Directional wellplans represent a 'perfect' wellpath; curves have a perfectly constant dogleg severity (build and walk) and tangent sections are perfectly straight (i.e. DLS = 0.00). This is of course completely unrealistic (a curve will always be drilled with a varying DLS and tangent sections are never perfectly straight), so it will result in underestimating torque and drag values.

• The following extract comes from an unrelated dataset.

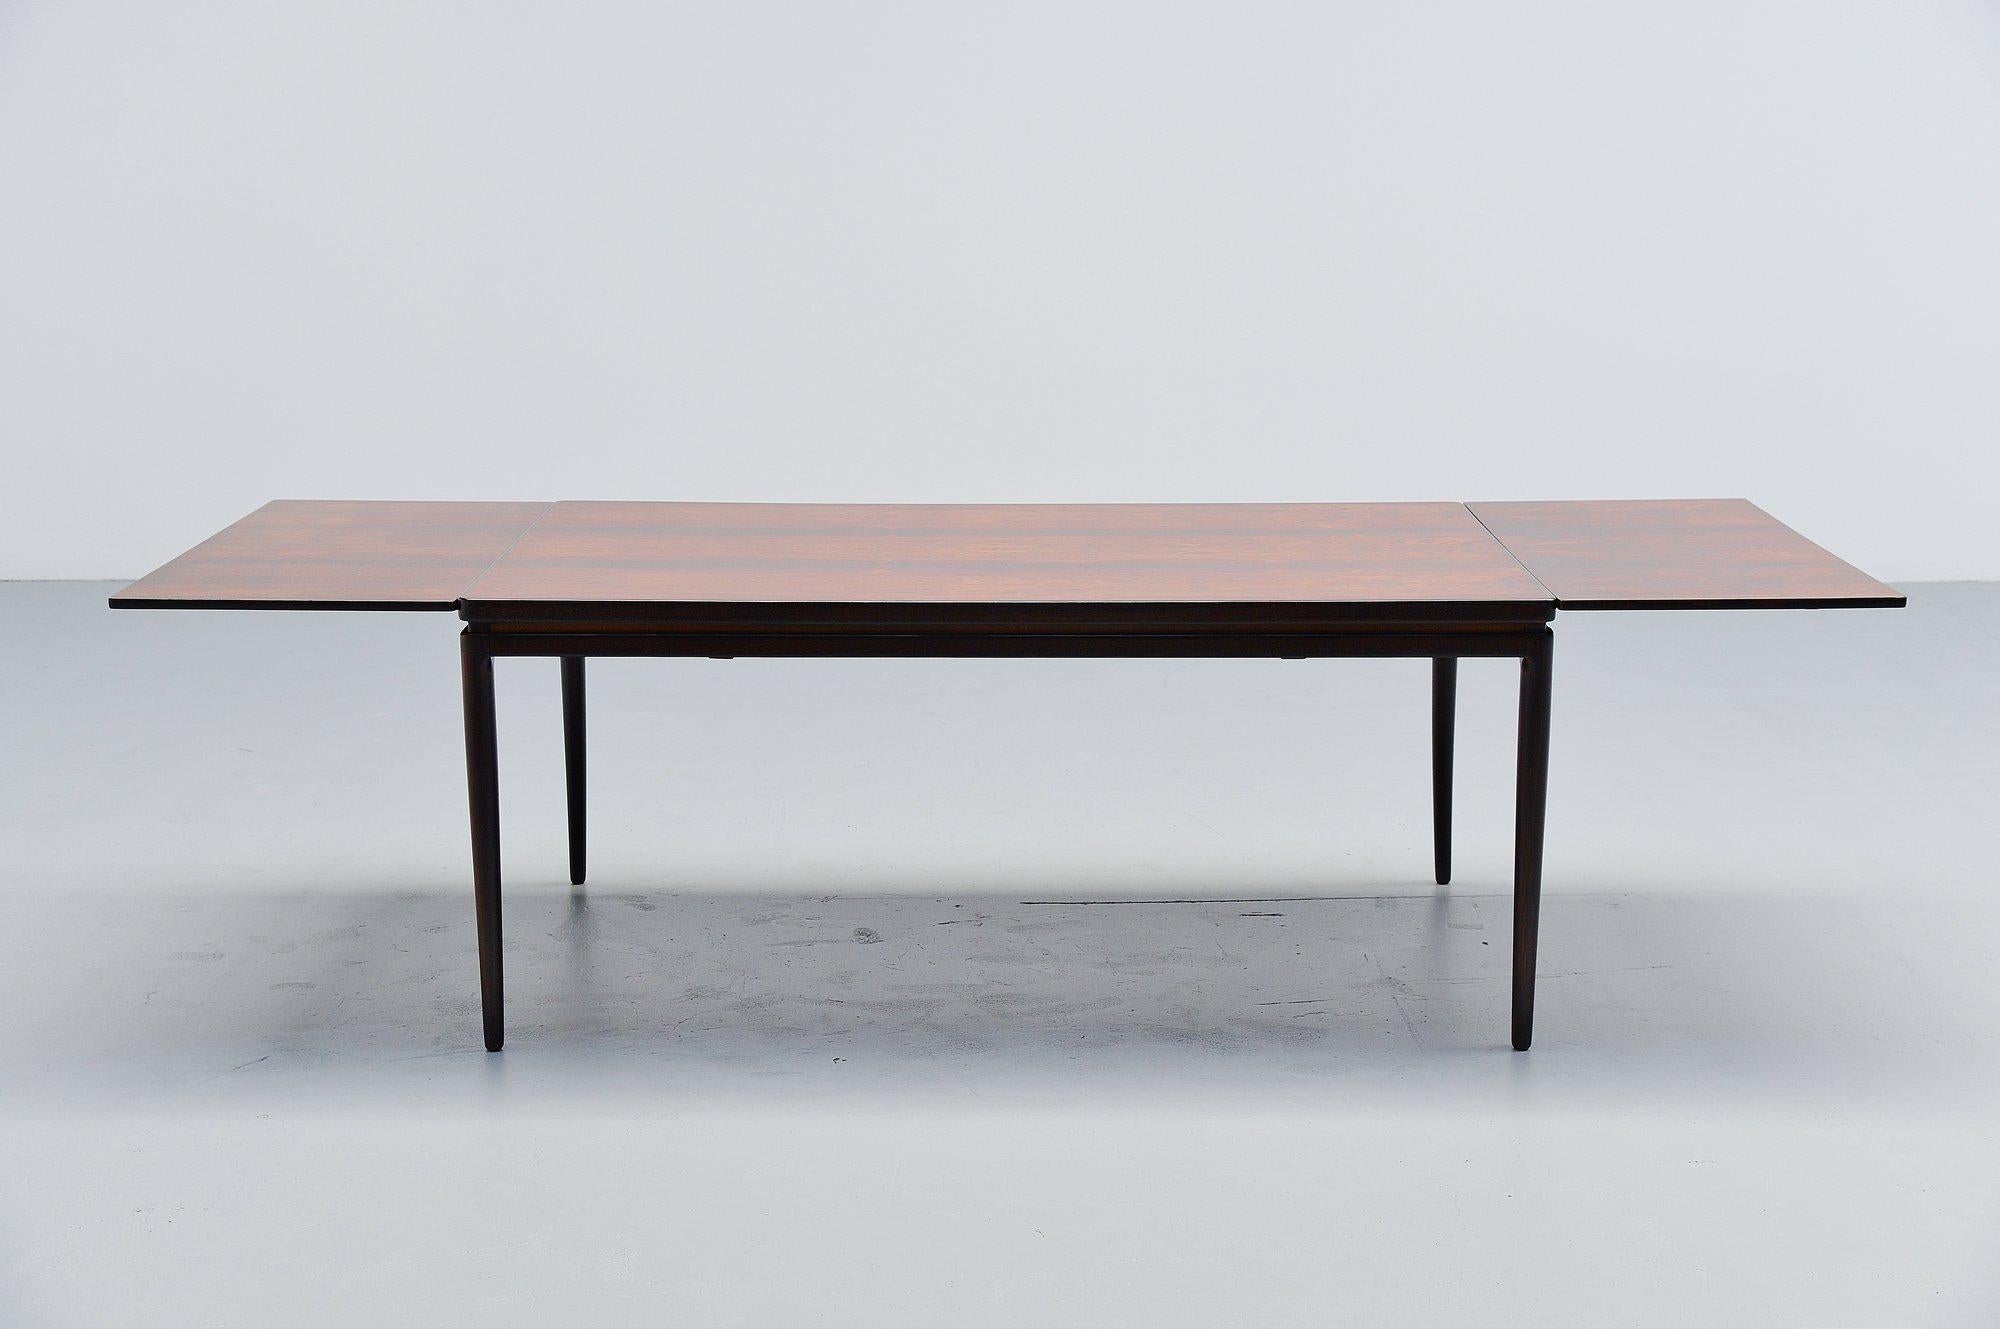 Nice Danish modern rosewood extendable dining table designed by Johannes Andersen for Christian Linneberg, Denmark 1964. This table has an amazing grain to the warm rosewood veneer. In normal position this table is 165 cm long, when you extract the
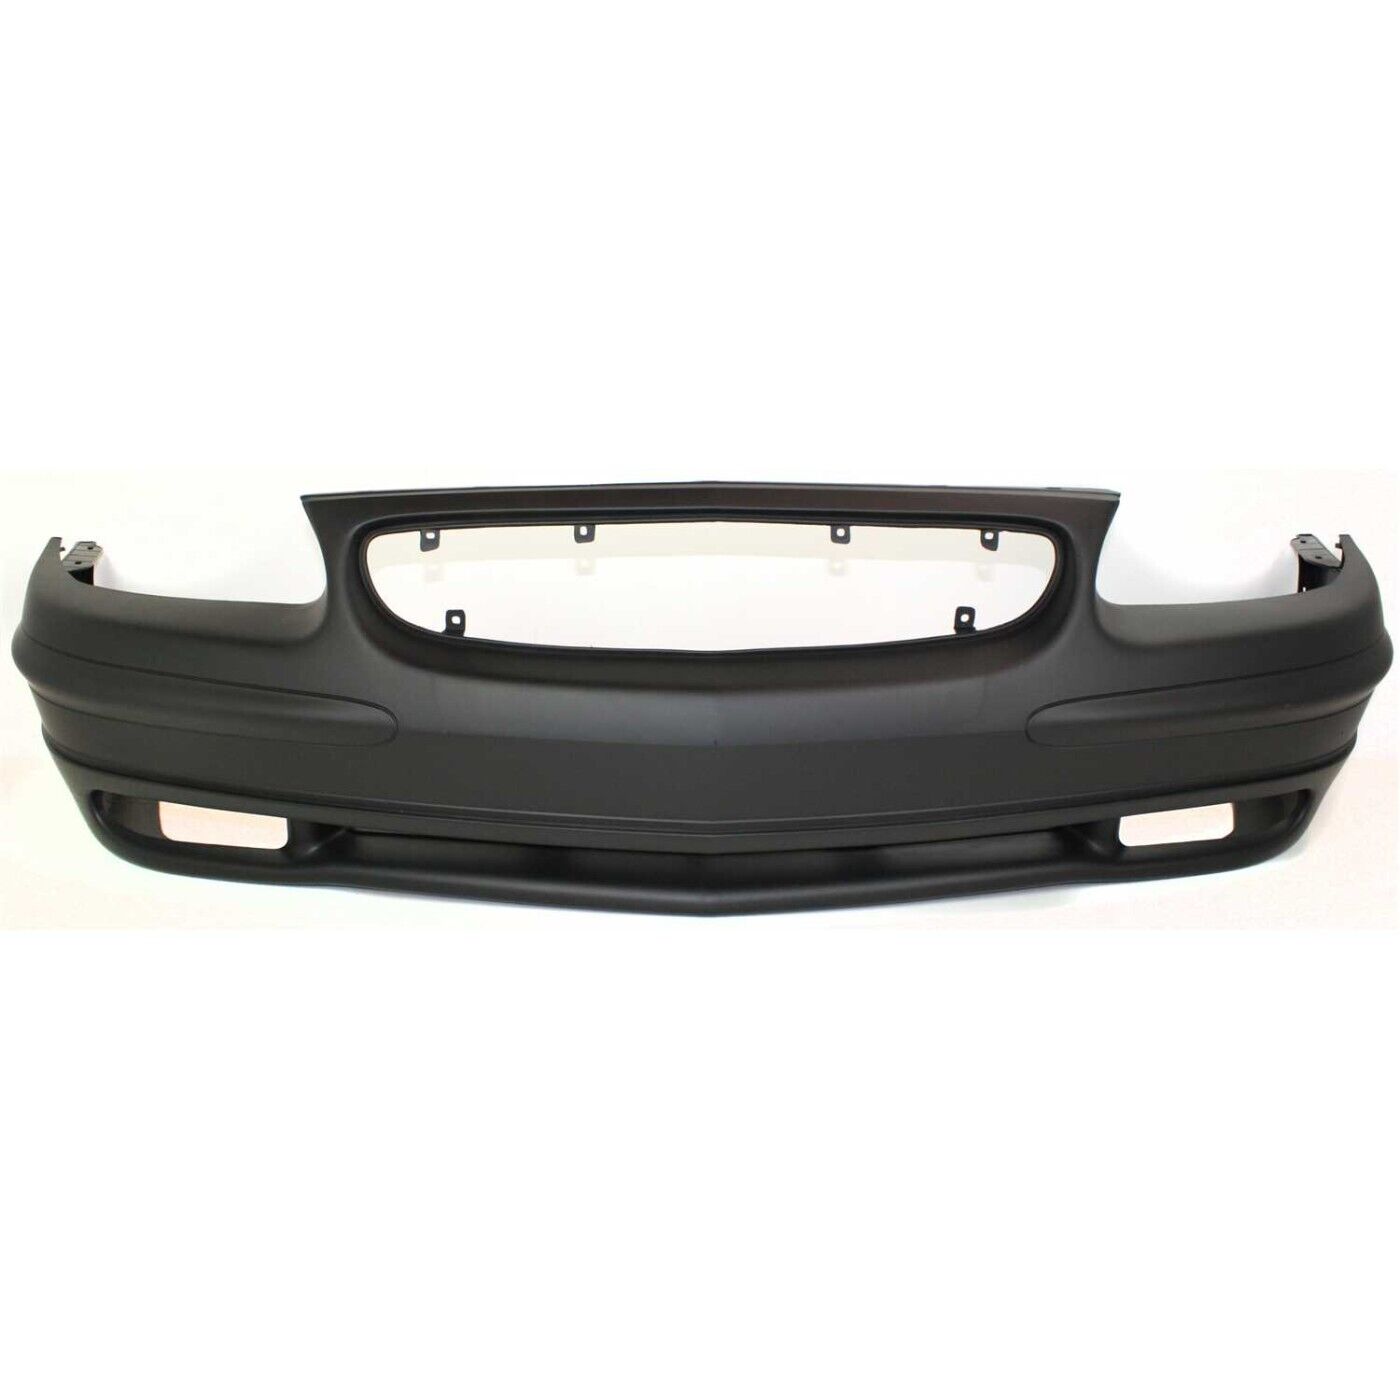 Front Bumper Cover For 97-2004 Buick Regal w/ fog lamp holes Primed

Softdrill NL Torque & Drag provides the option to apply 'random' tortuosity to the wellpath.
Random tortuosity should never be applied to actual survey data. However, in case a wellplan is tied on to actual survey data (e.g. a sidetrack wellplan), tortuosity may be defined for the planned part of the wellplan.
Currently three random tortuosity options are available. Each is defined with the top and bottom measured depth (MD From and MD To) of the section to which it should be applied, as well as a period and magnitude:
Random Inclination & Direction
The random inclination & direction method is similar to the random inclination, dependent direction method described below with the exception that the variation in the hole direction is independent of the inclination.
This method is suggested for vertical sections with a rotary assembly (e.g. drilling to kick off point).
Random Inclination, Dependent Direction
This method applies a random variation, within the magnitude specified, to the inclination and hole direction. The variation in hole direction is inversely proportional to the inclination (i.e. the higher the inclination, the lower the variation in hole direction). This method is suggested to simulate sections where a steerable motor is used (e.g. build up sections).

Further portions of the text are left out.